Akil Bello, the executive director of a non-profit called PASSNYC that works to bridge educational gaps among New York City’s students, questioned whether this places the College Board in a disproportionately powerful position.

“Is it worthwhile to lobby to increase access to the gatekeeper rather than remove the gate?” Bello asked.

It’s a doubt echoed by Moscatiello, who said that even if he’s not sure he agrees with the sentiment, he feels “a growing groundswell of doubt about the AP program, a sense that the AP program is taking over American education.”

QIRT students examine a history exhibit inside the Legislative Office Building in Albany. Photo by Carter Johnson.

But other students and teachers, including those at QIRT, say that even just having expanded AP offerings at the school raises the quality of education students receive.
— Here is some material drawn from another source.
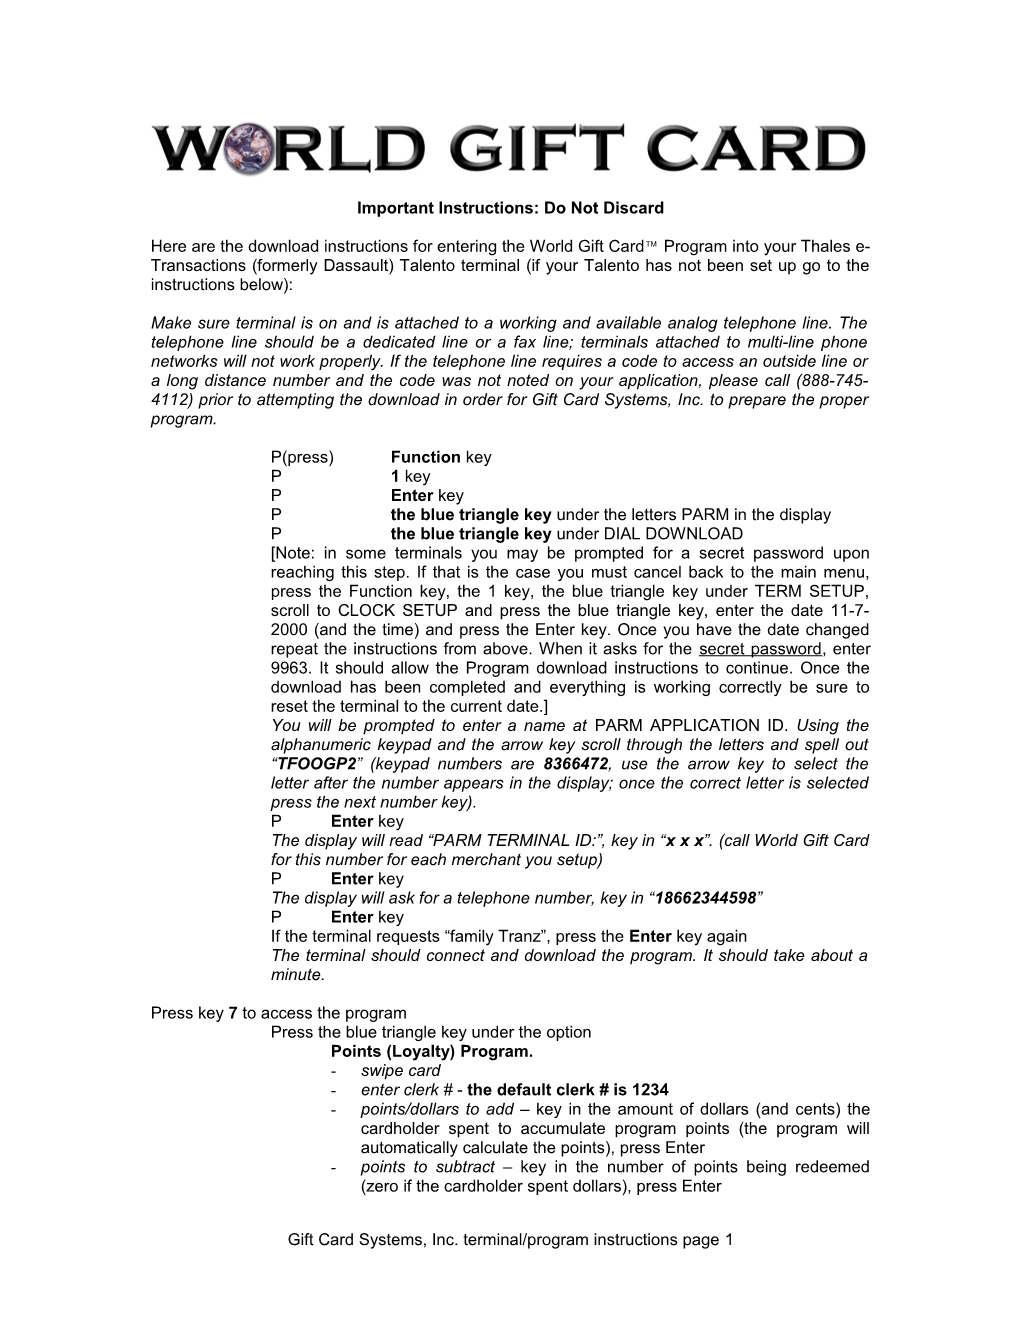 Here Are the Download Instructions for Entering the World Gift Cardtm Program Into Your

QIRT AP U.S. History teacher David Poplinger noted that the success of his students in advanced classes varies, in large part based on the level of instruction they received before entering his class. “The challenge is that a lot of kids don’t have the background, coming into this country,” he said.
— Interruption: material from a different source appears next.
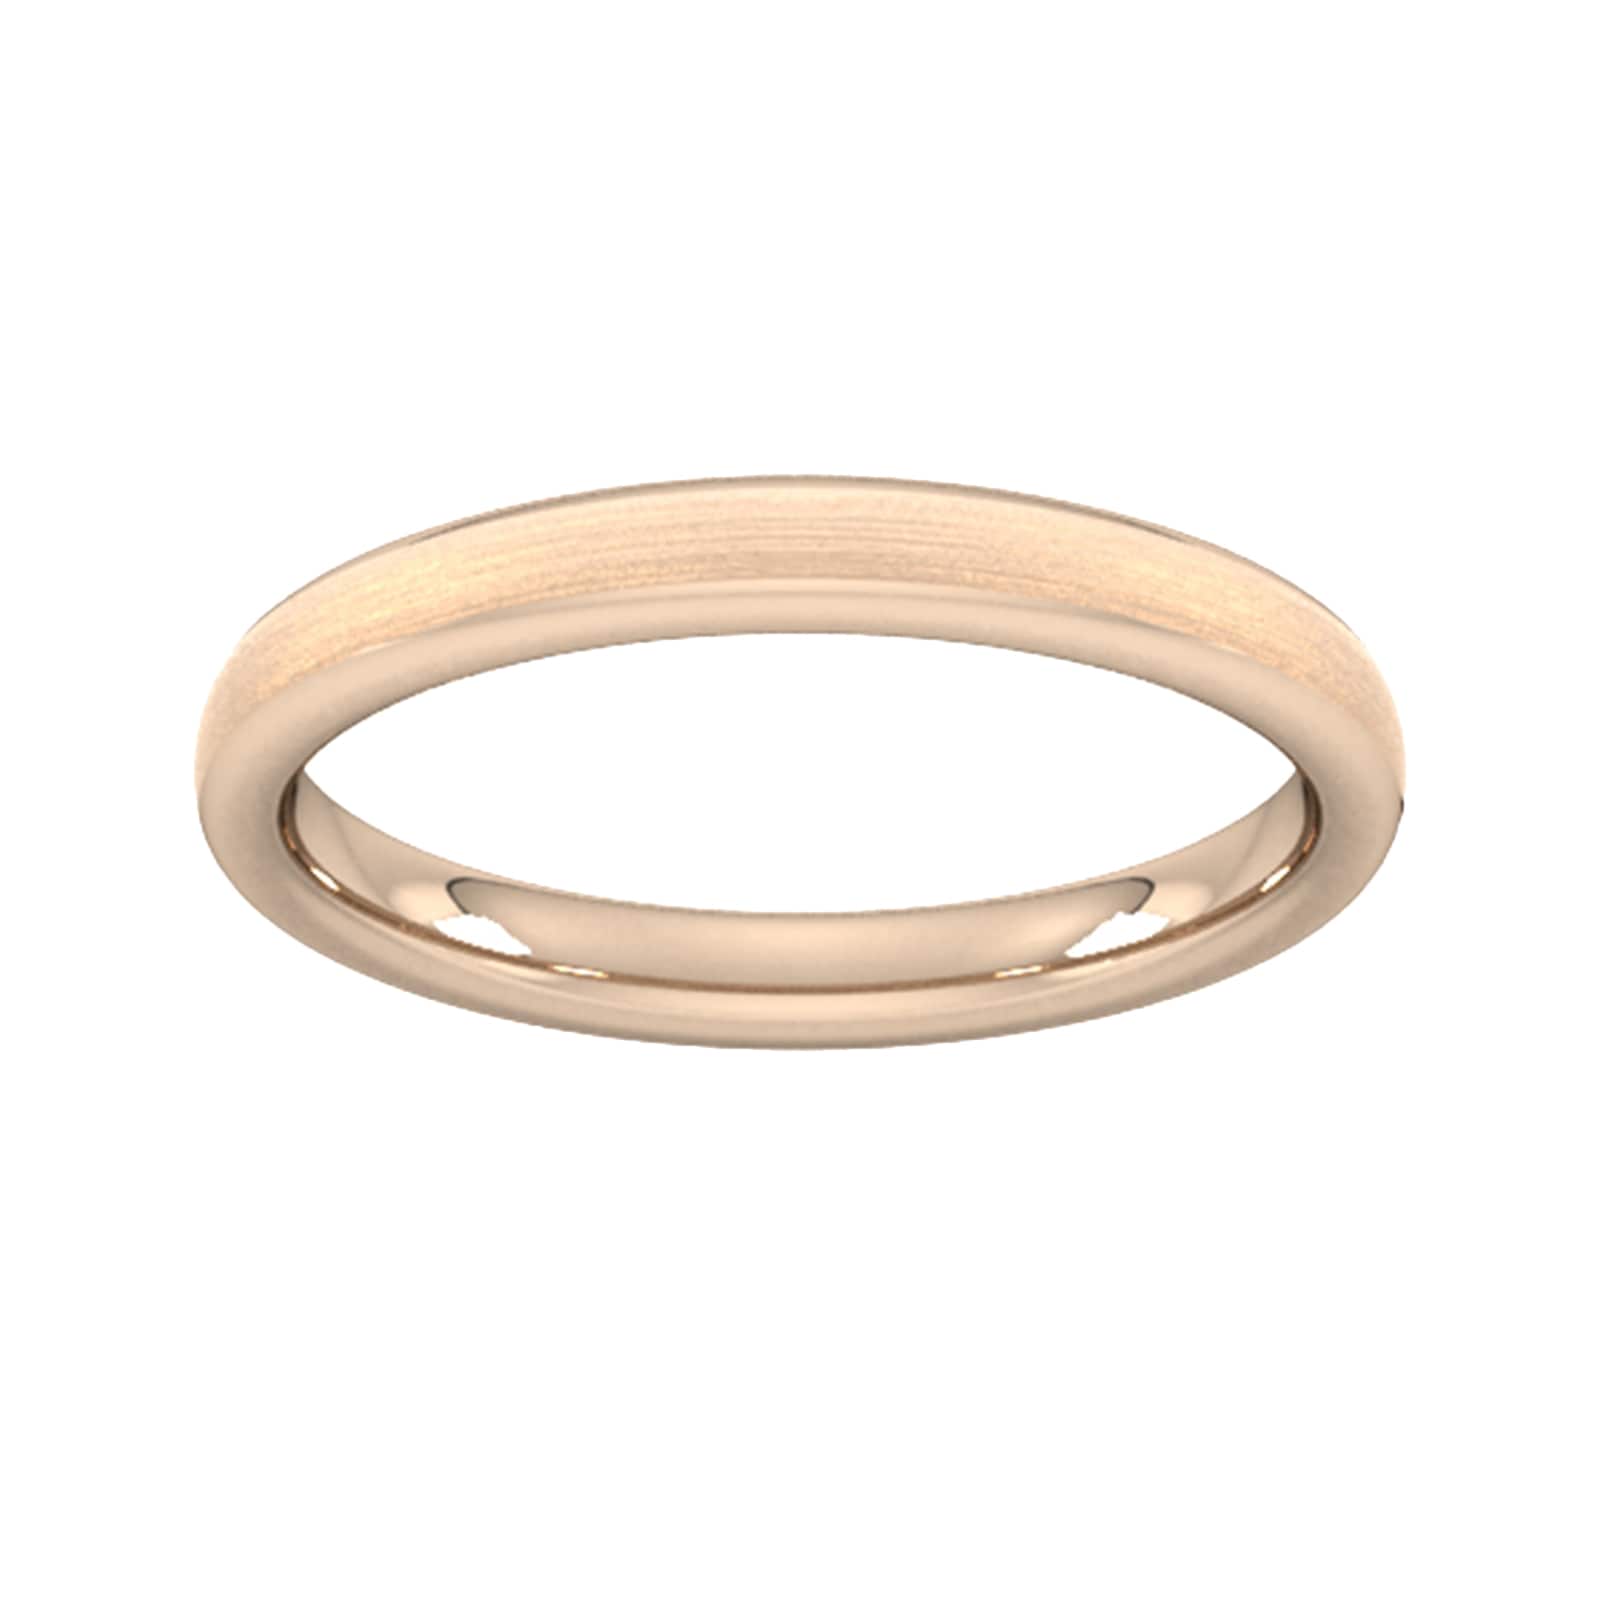 2.5mm Traditional Court Heavy Matt Finished Wedding Ring In 18 Carat Rose Gold - Ring Size R

But Poplinger is confident that even just having APs in school provides students something to which they can aspire. “They find successes, if not with me then with AP Environmental Science or Psychology,” he said. “It’s not something they’d normally see growing up where they do.”

In Albany, a quiet moment onboard the bus ferrying students back to Queens afforded a quiet moment for Jeff Kaufman, QIRT computer science teacher and chaperone for the day. He noted that, despite the College Board enlisting low-income students to lobby for more funding, he felt like it was a worthwhile opportunity.
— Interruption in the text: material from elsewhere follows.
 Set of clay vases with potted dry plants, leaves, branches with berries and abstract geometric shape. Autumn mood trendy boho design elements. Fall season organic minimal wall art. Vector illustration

On the one hand, students from low-income backgrounds came to Albany to lobby the government for their own education when they could have been sitting in the very AP classes for which they were advocating.

But on the other hand, it was an opportunity for Kaufman’s students to see the machinery of state politics first-hand. The students felt seen and heard, even if they didn’t get to interact directly with the people they came all this way to see. None of the state assemblymembers or state senators on the student’s schedule were available for a meeting. 

This spring, Alicia and many of her fellow juniors will be taking at least three major standardized tests administered by The College Board: two AP exams and the SAT. But despite the workload, she says that the access to APs have made her feel more hopeful about her future.

On the bus, Alicia recalled a time in elementary school when one of her teachers told her that “since we’re from Far Rockaway, we would never make it in life…Hearing that from a young age, that’s discouraging.” Still, she has held onto her goals.

“I want to be an OBGYN, but let’s see,” Alicia said. “I know it’s a lot of hard work, so let’s see where I go.”

Note: On March 15, New York City public schools were closed due to the coronavirus pandemic, with online classes beginning March 23. As of the date of this article’s publication, AP exams will still take place virtually this spring with modified testing schedules. As the situation continues to unfold, the fate of the exams could be subject to further change.